WHAT YOU WILL DO: Please repeat the entire listing verbatim and keep the pictures out.

DATASET EXTRACT:
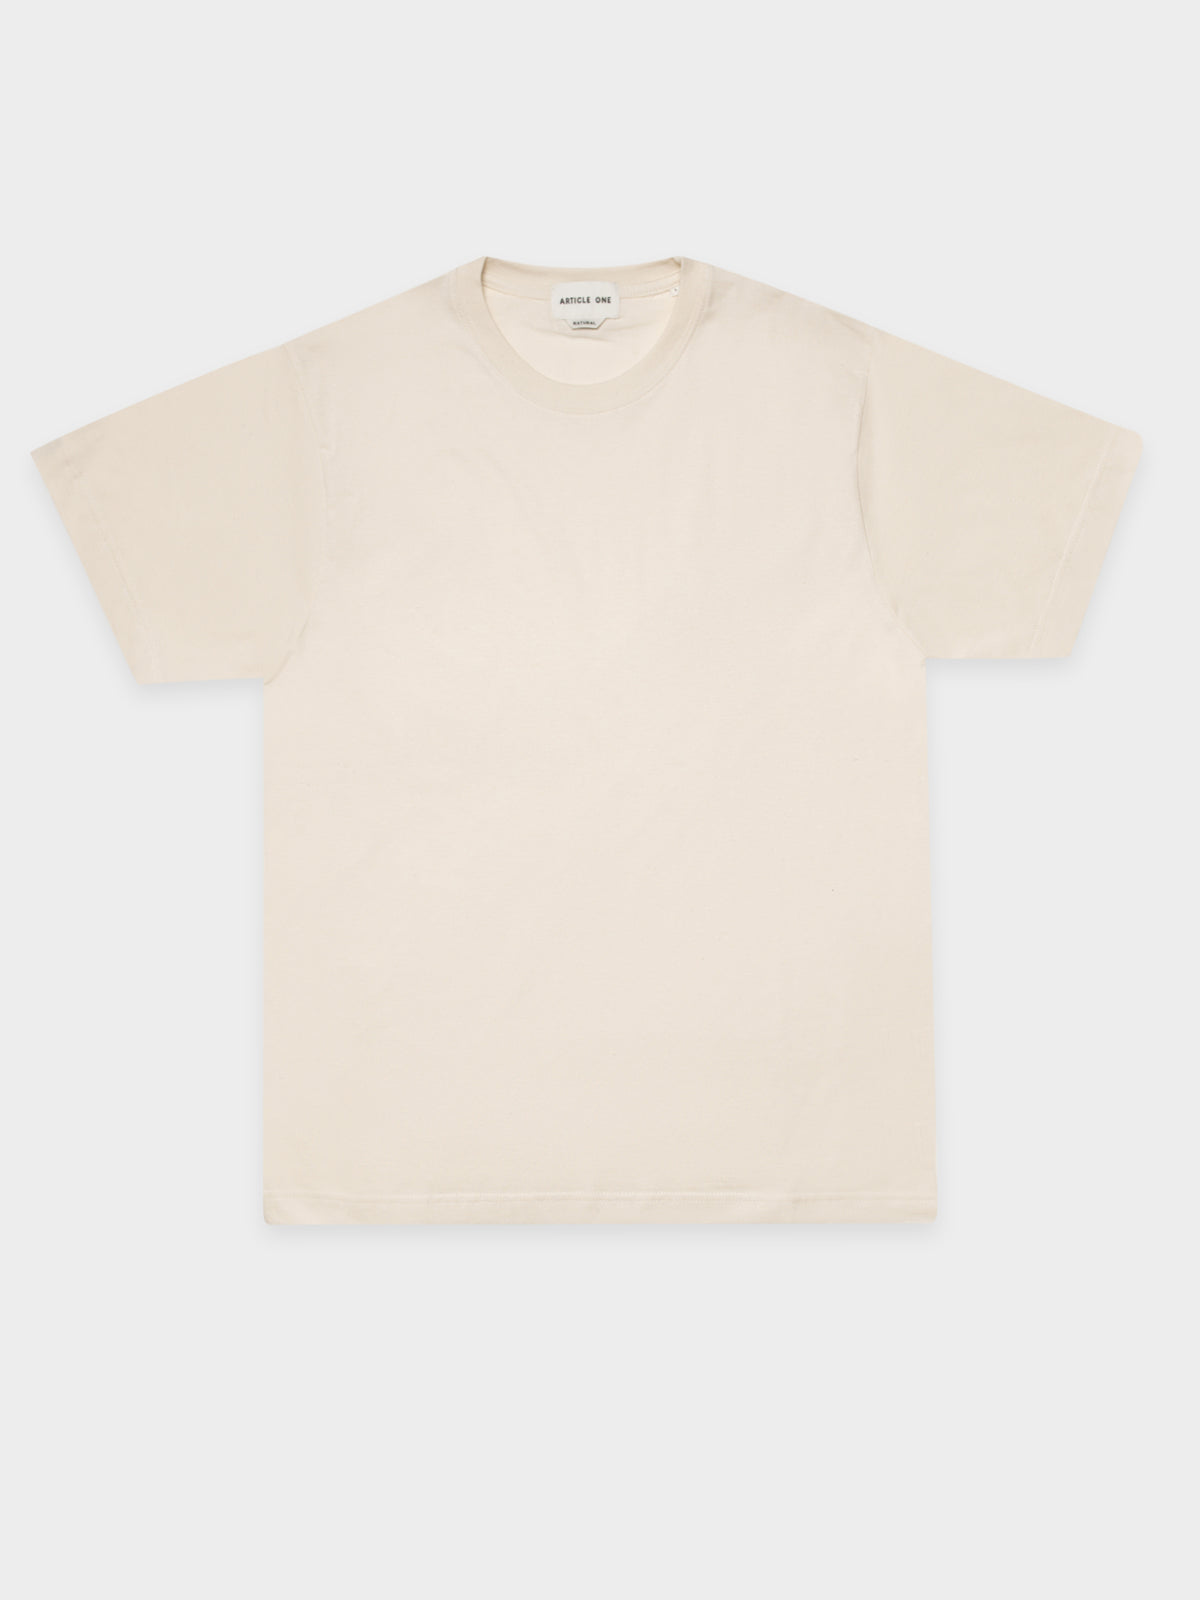 Classic T-Shirt in Natural
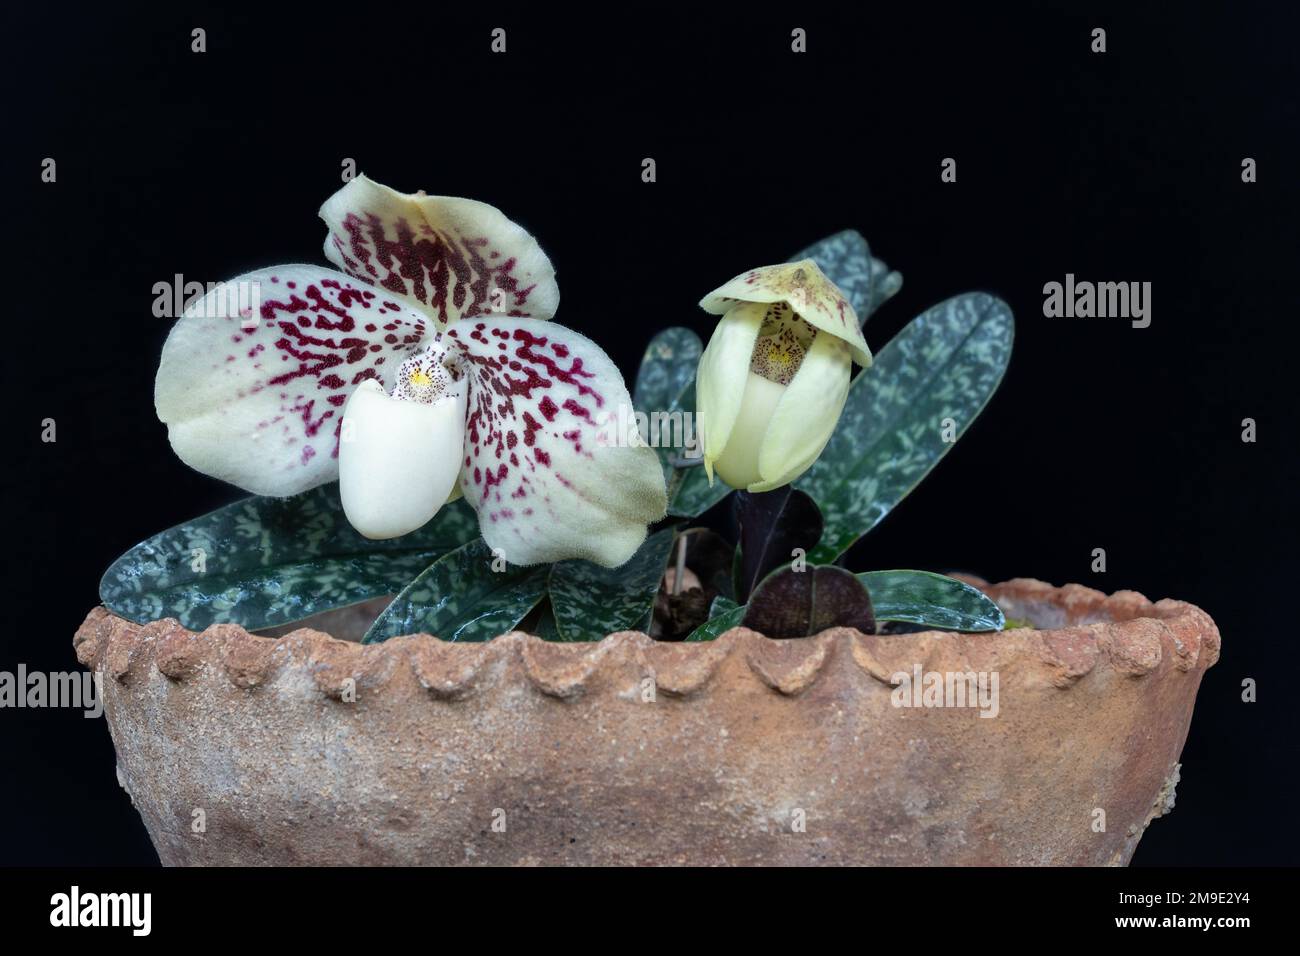 Close up view of lady slipper orchid species paphiopedilum godefroyae var leucochilum with flower and bud ready to bloom isolated on black background Stock Photo
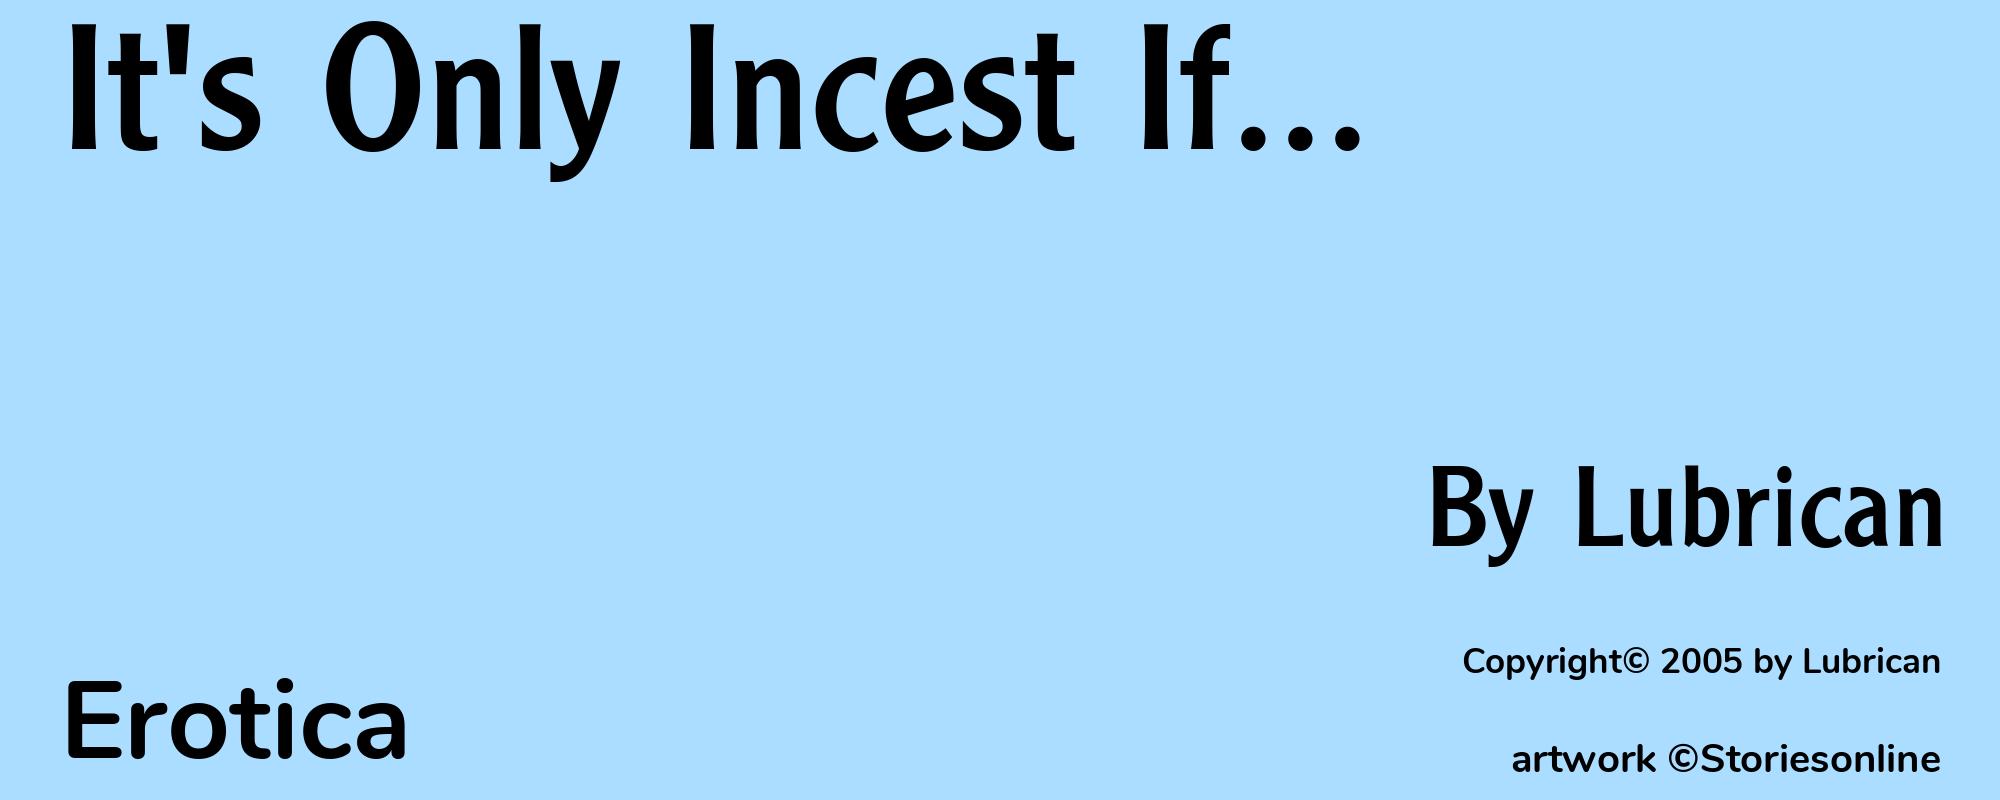 It's Only Incest If... - Cover

EXERCISE ANSWER:
 Classic T-Shirt in Natural
 Close up view of lady slipper orchid species paphiopedilum godefroyae var leucochilum with flower and bud ready to bloom isolated on black background Stock Photo
 It's Only Incest If... - Cover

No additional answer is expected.